Dataset excerpt:
>>>>>
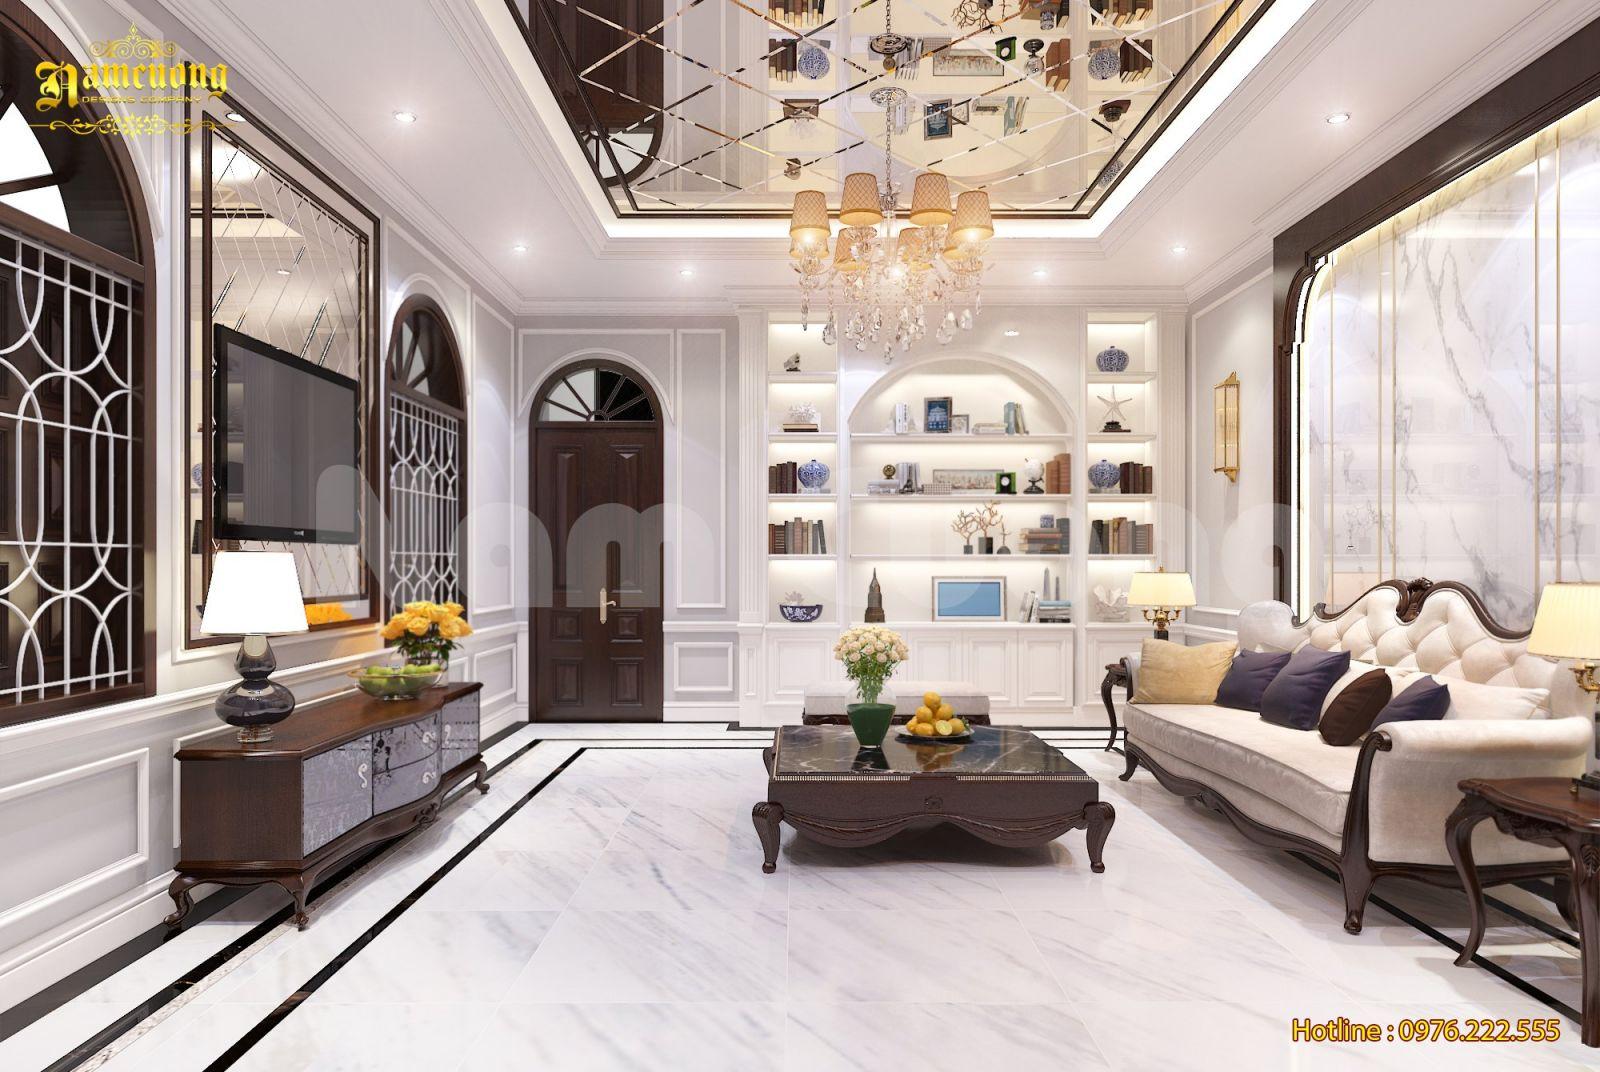 Thiết kế nhà đẹp có hệ thống ánh sáng hợp phong thủy
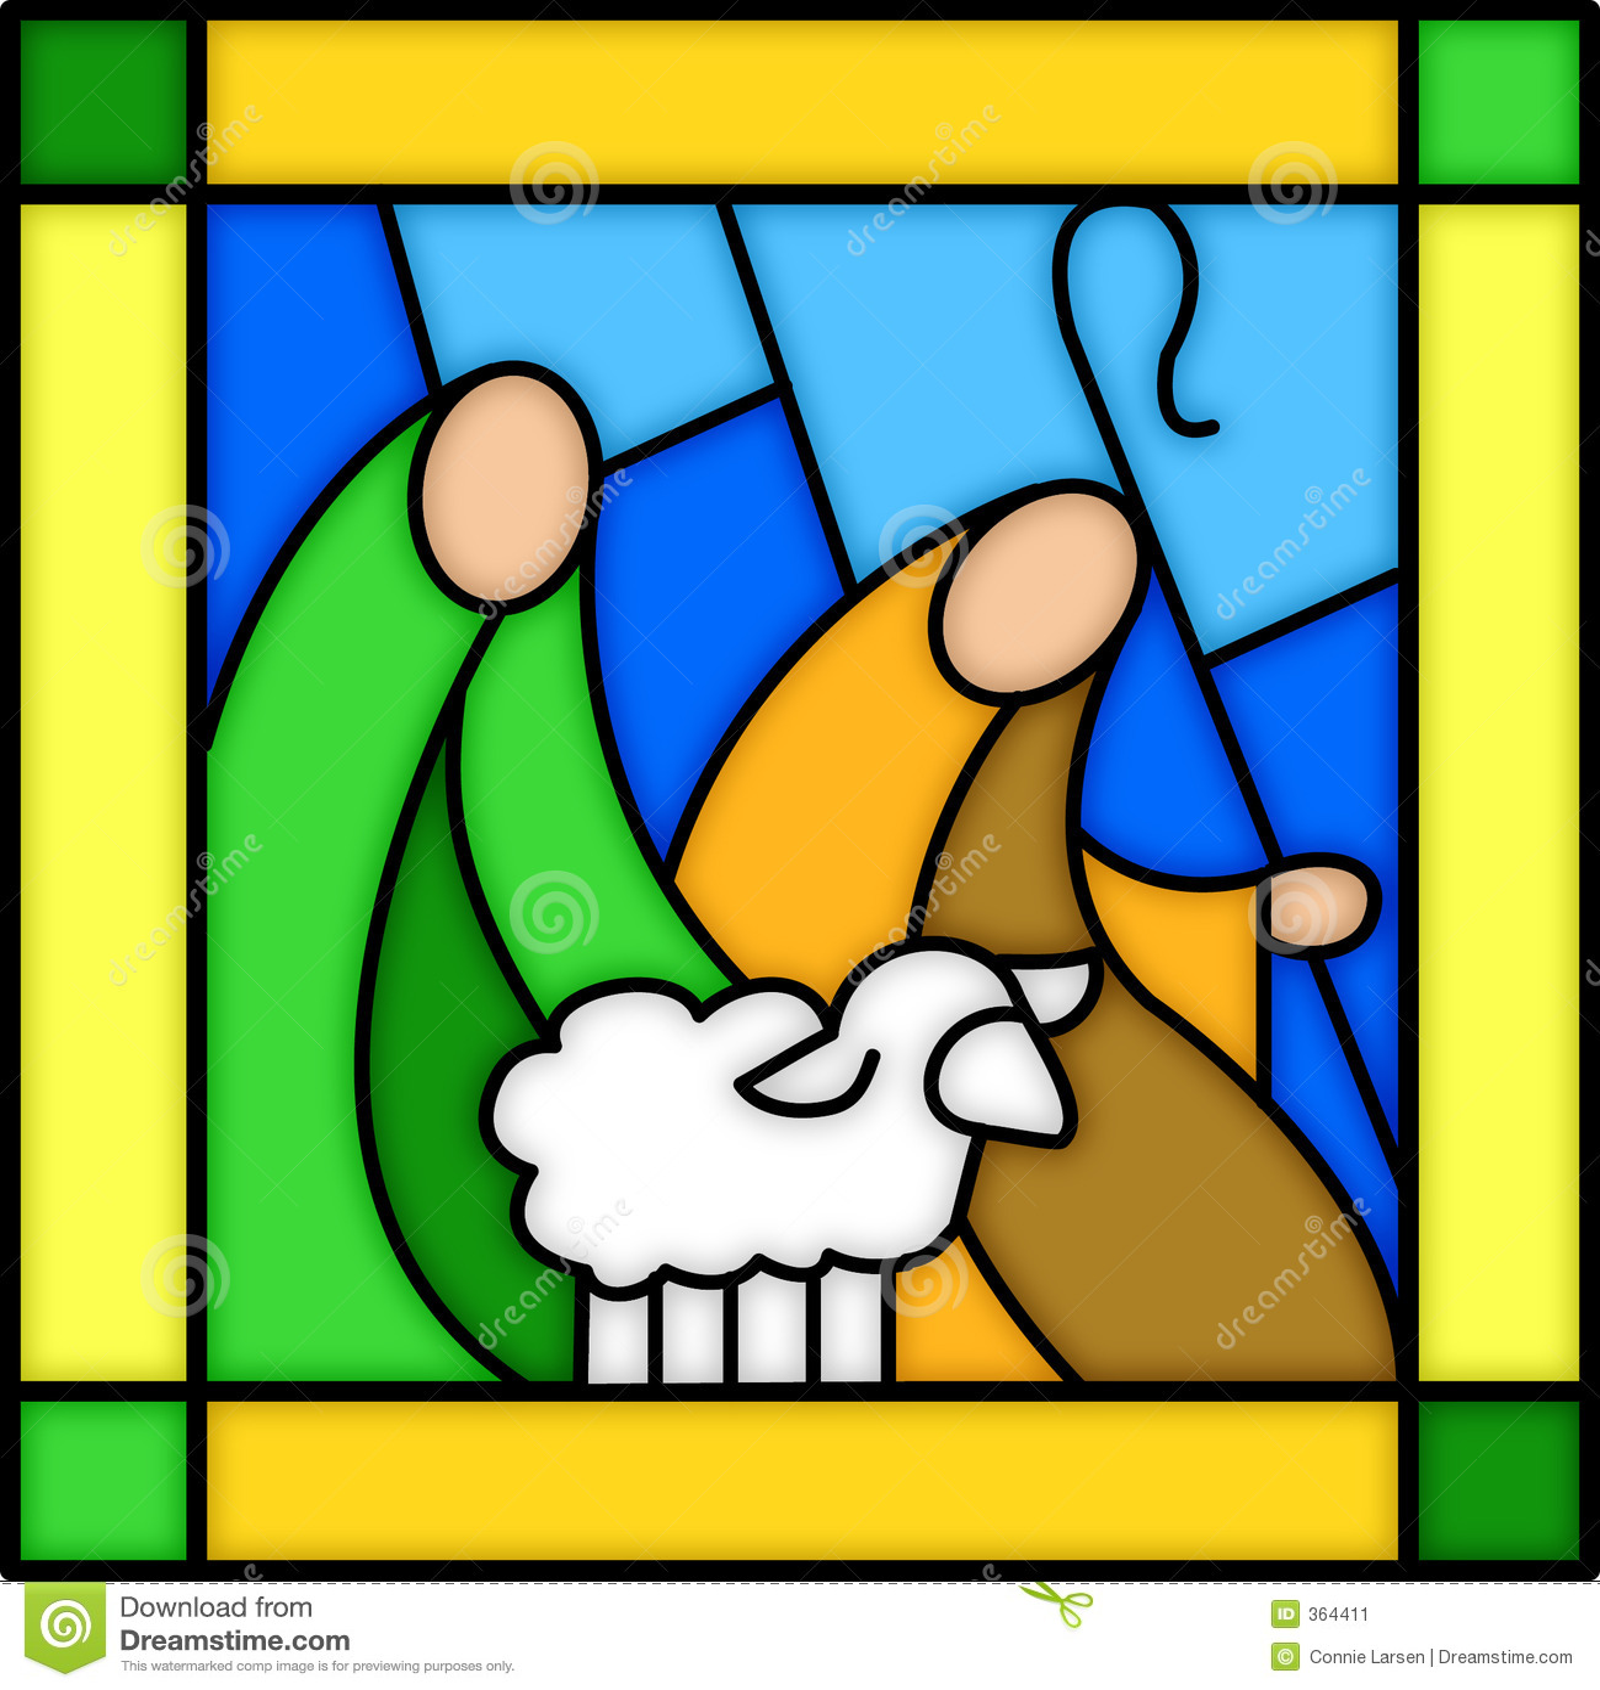 Pastores no vidro manchado
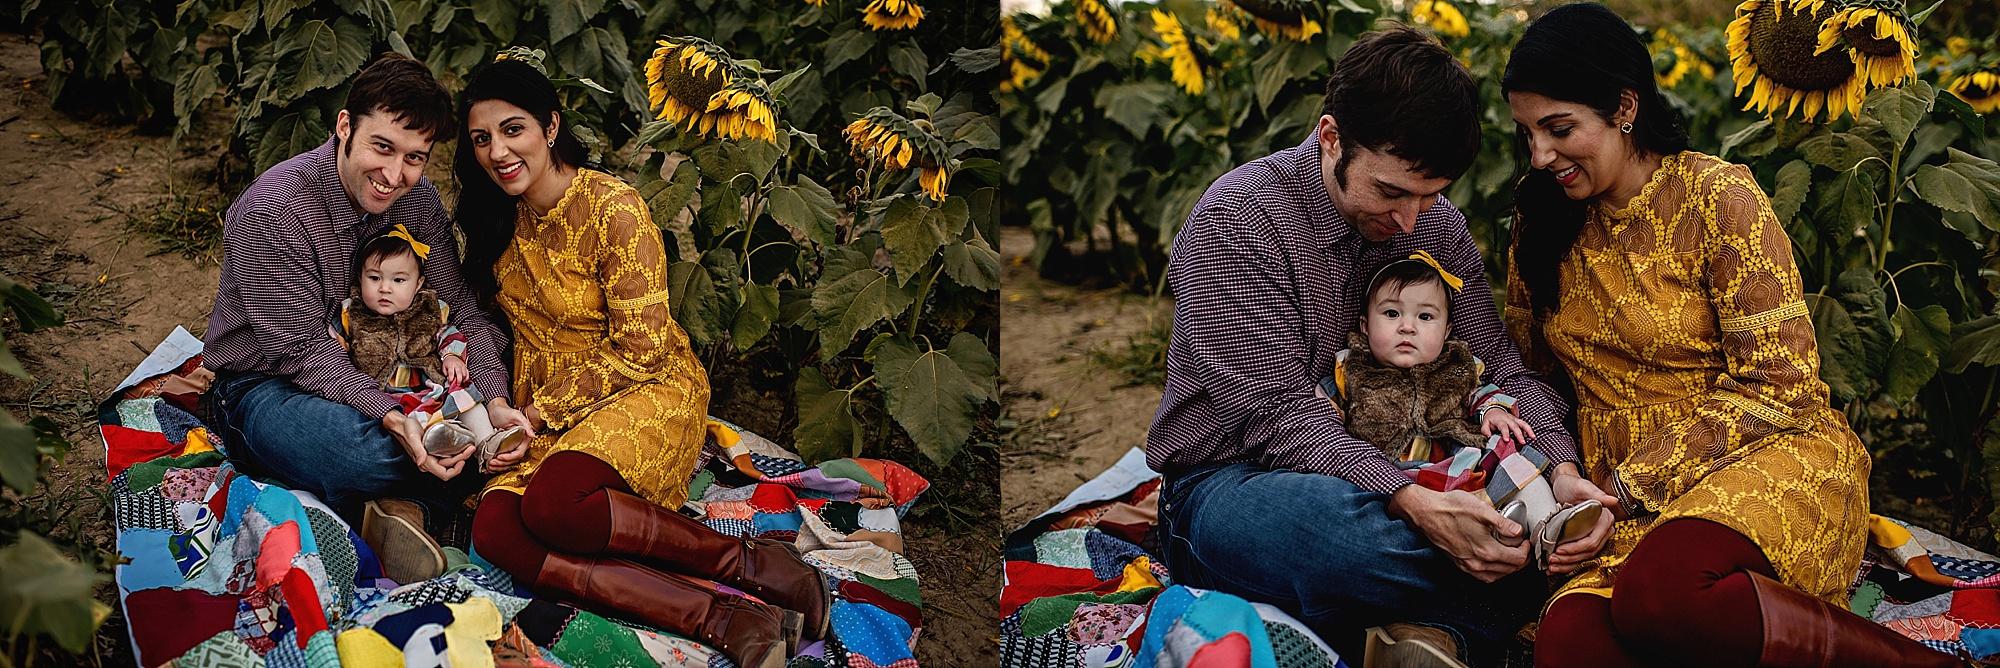 Turner-family-akron-ohio-photographer-lauren-grayson-sunflower-field-session_0003.jpg
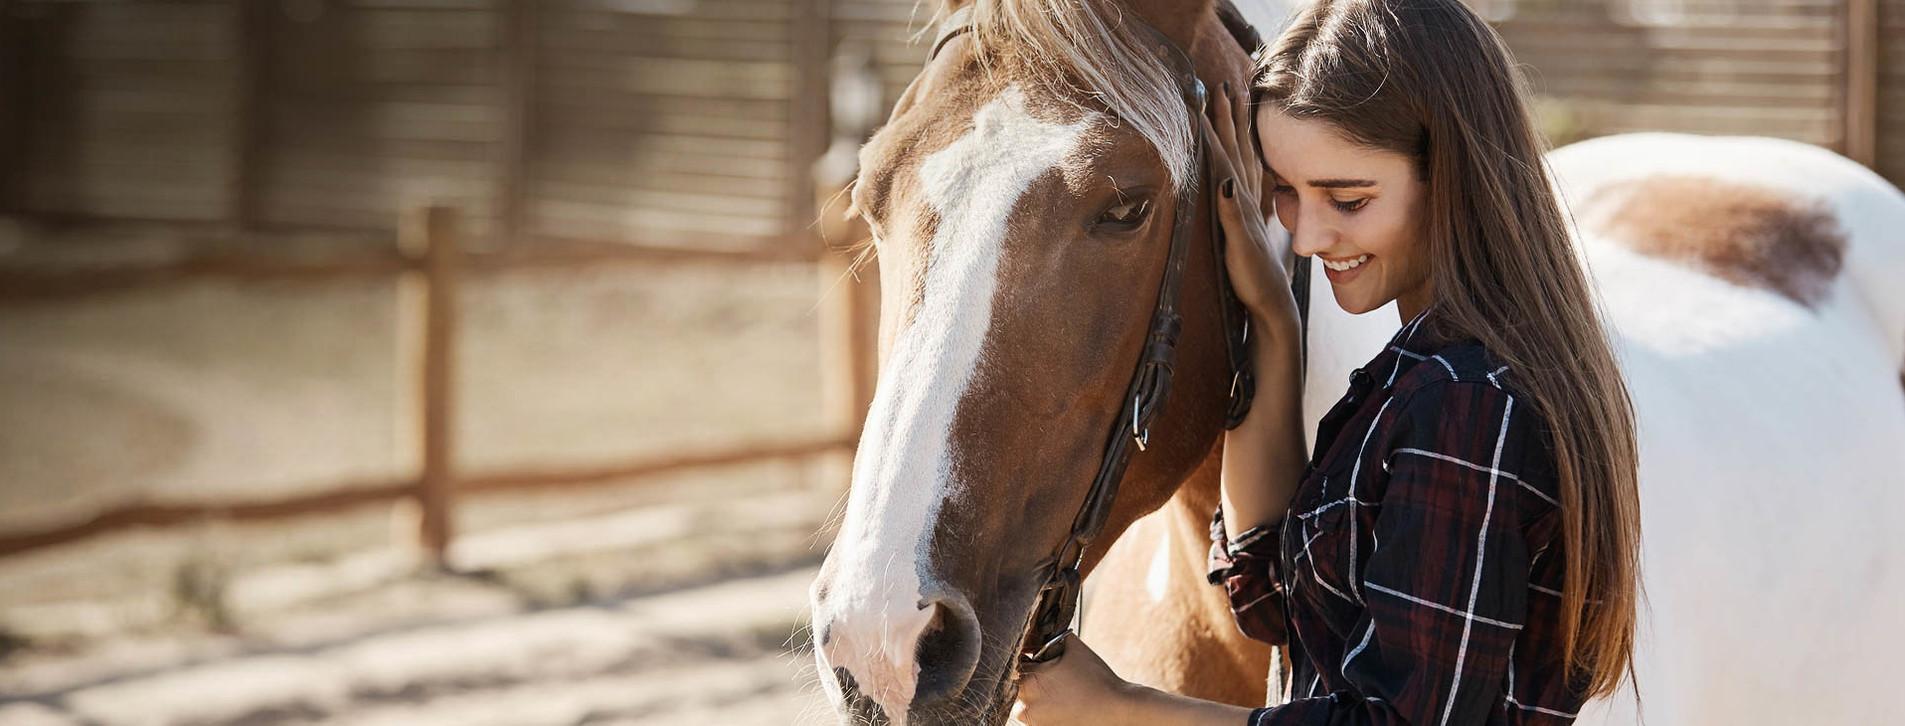 Фото 1 - Фотосессия с лошадьми
<<<<<
Task requirements:
Write the lines from the one containing "Pastores no vidro manchado" through the end of the data above exactly as they appear, and do not carry over any picture.

Completed task:
 Pastores no vidro manchado
 Turner-family-akron-ohio-photographer-lauren-grayson-sunflower-field-session_0003.jpg
 Фото 1 - Фотосессия с лошадьми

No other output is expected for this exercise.